### What to produce
Take the lines below beginning at the line that has "2 antimateriální puška" and stopping after the line that has "Chelsea ANTHOLOGY 3 CD", and print them exactly as they are, with no other lines.

### Source records
———
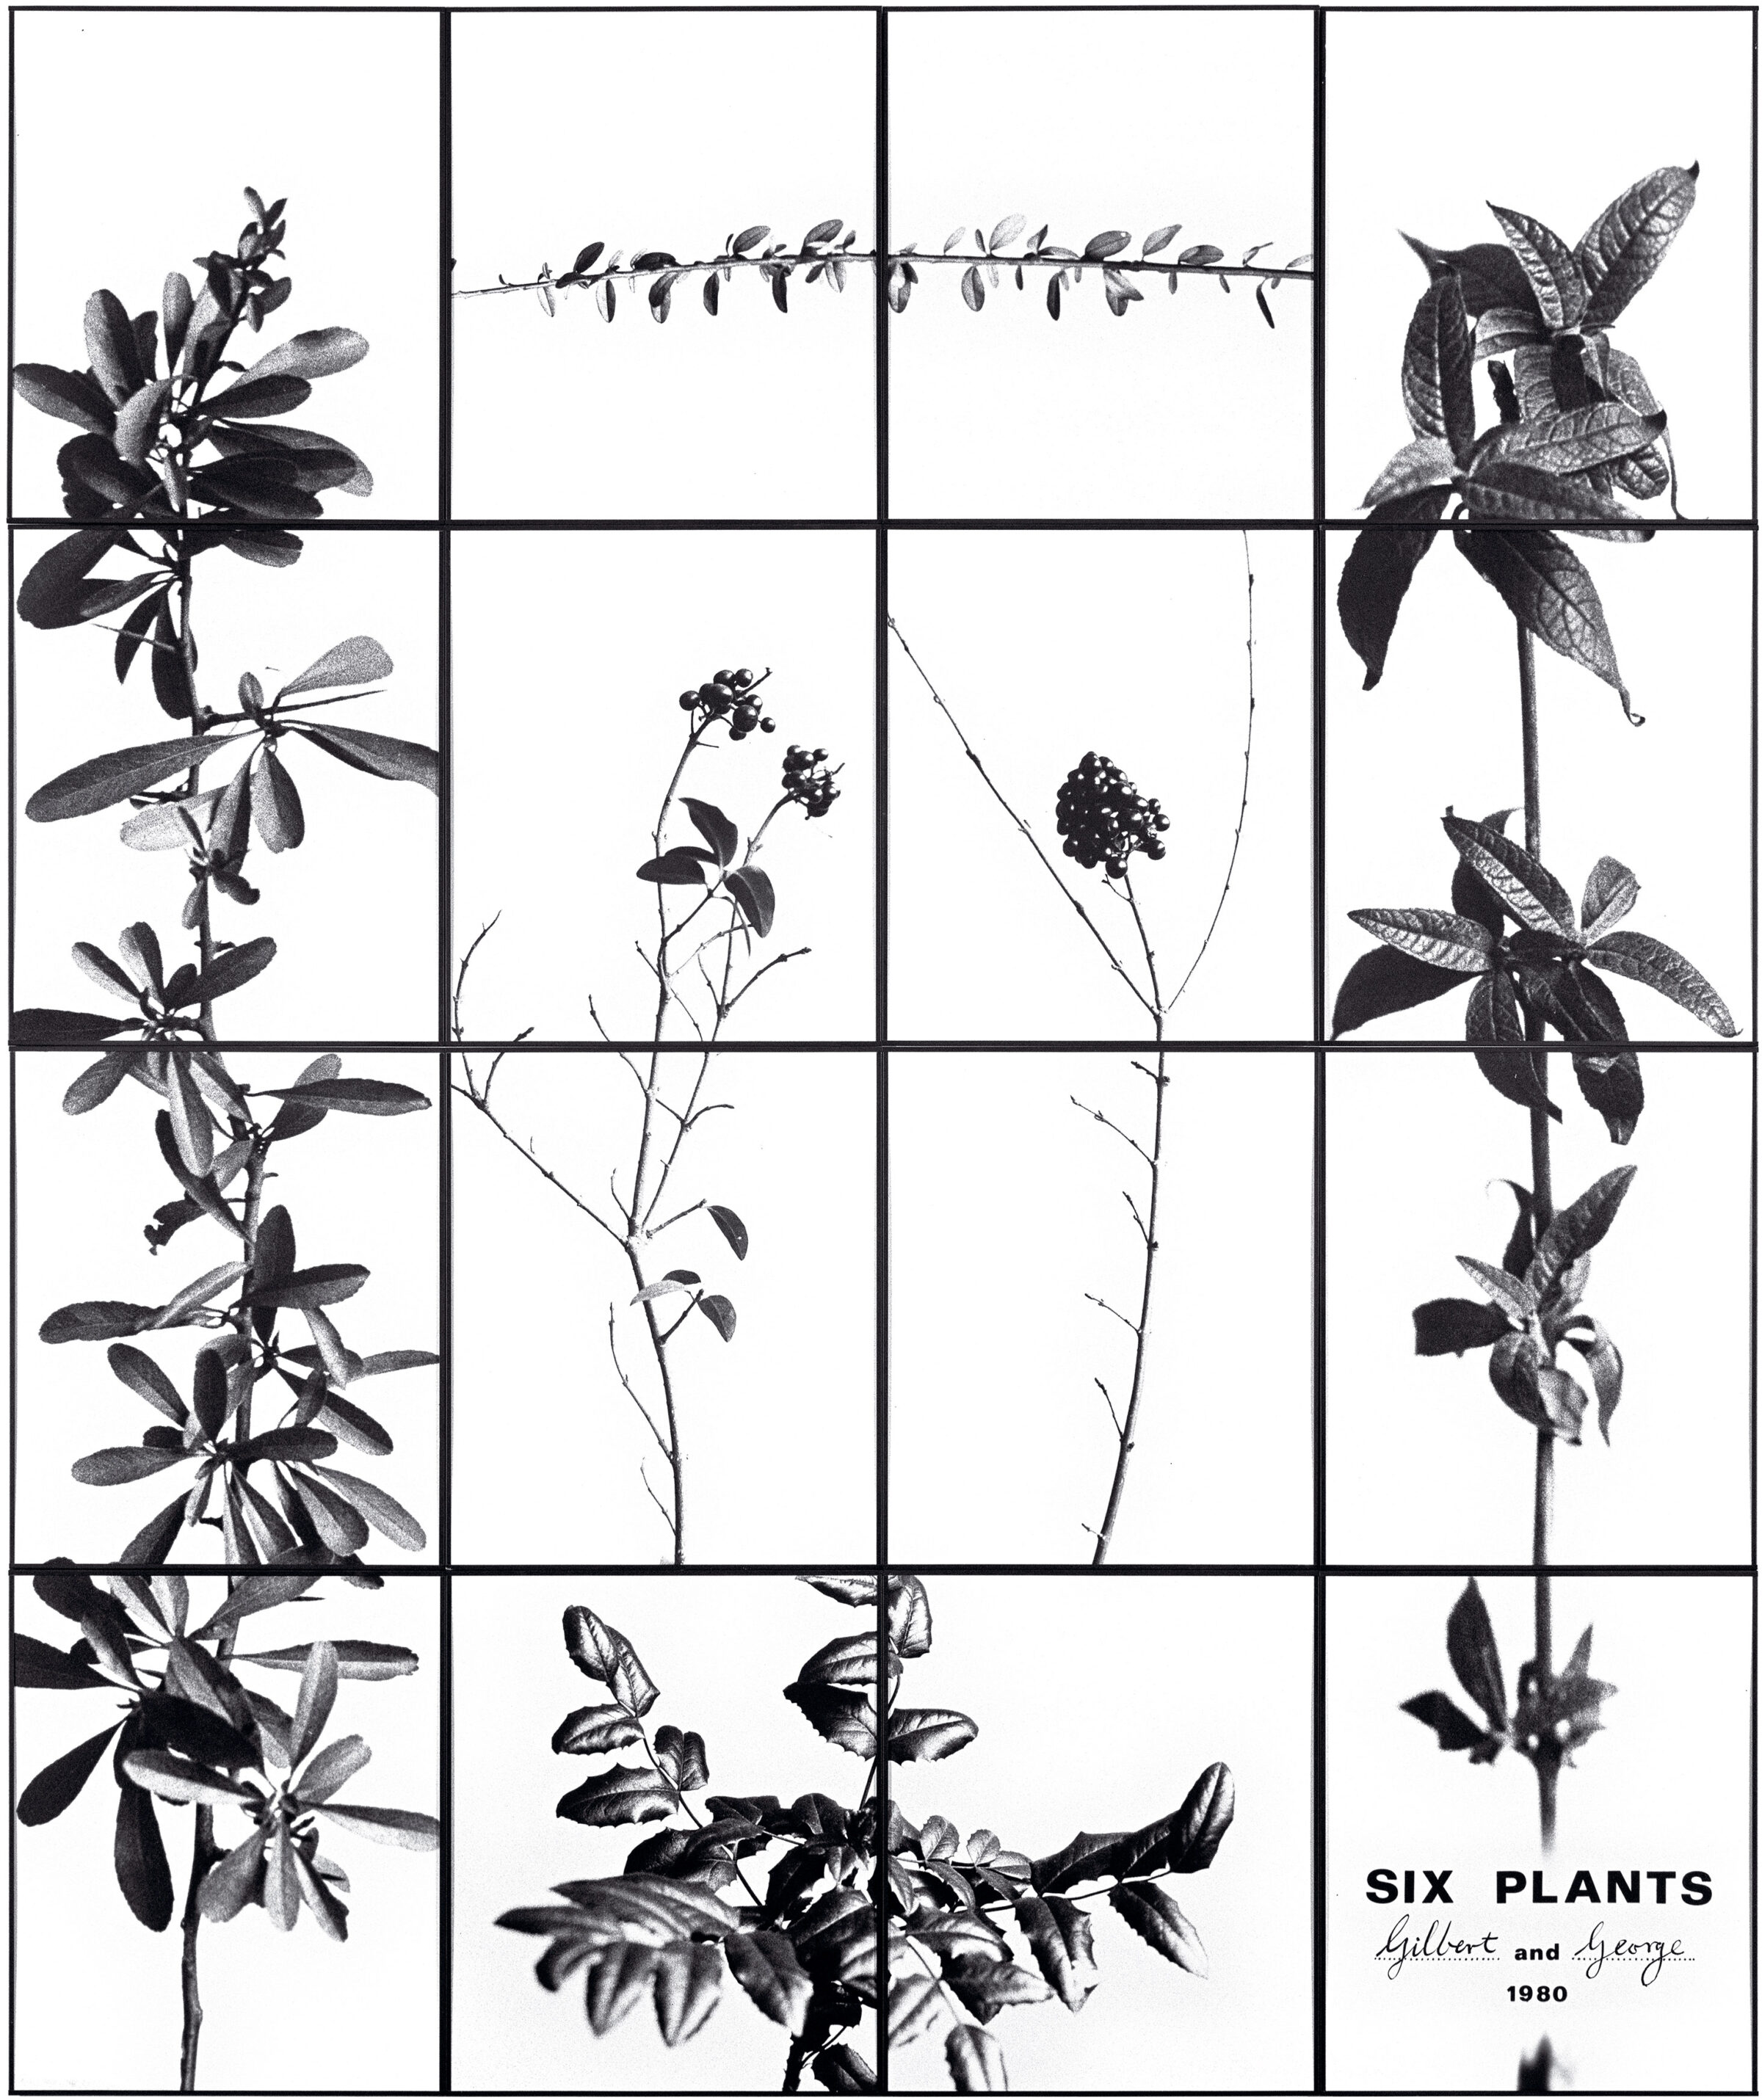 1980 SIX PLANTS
———
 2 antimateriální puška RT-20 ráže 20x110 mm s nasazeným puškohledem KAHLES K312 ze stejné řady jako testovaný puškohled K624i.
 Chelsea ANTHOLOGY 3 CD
———
### Result
 2 antimateriální puška RT-20 ráže 20x110 mm s nasazeným puškohledem KAHLES K312 ze stejné řady jako testovaný puškohled K624i.
 Chelsea ANTHOLOGY 3 CD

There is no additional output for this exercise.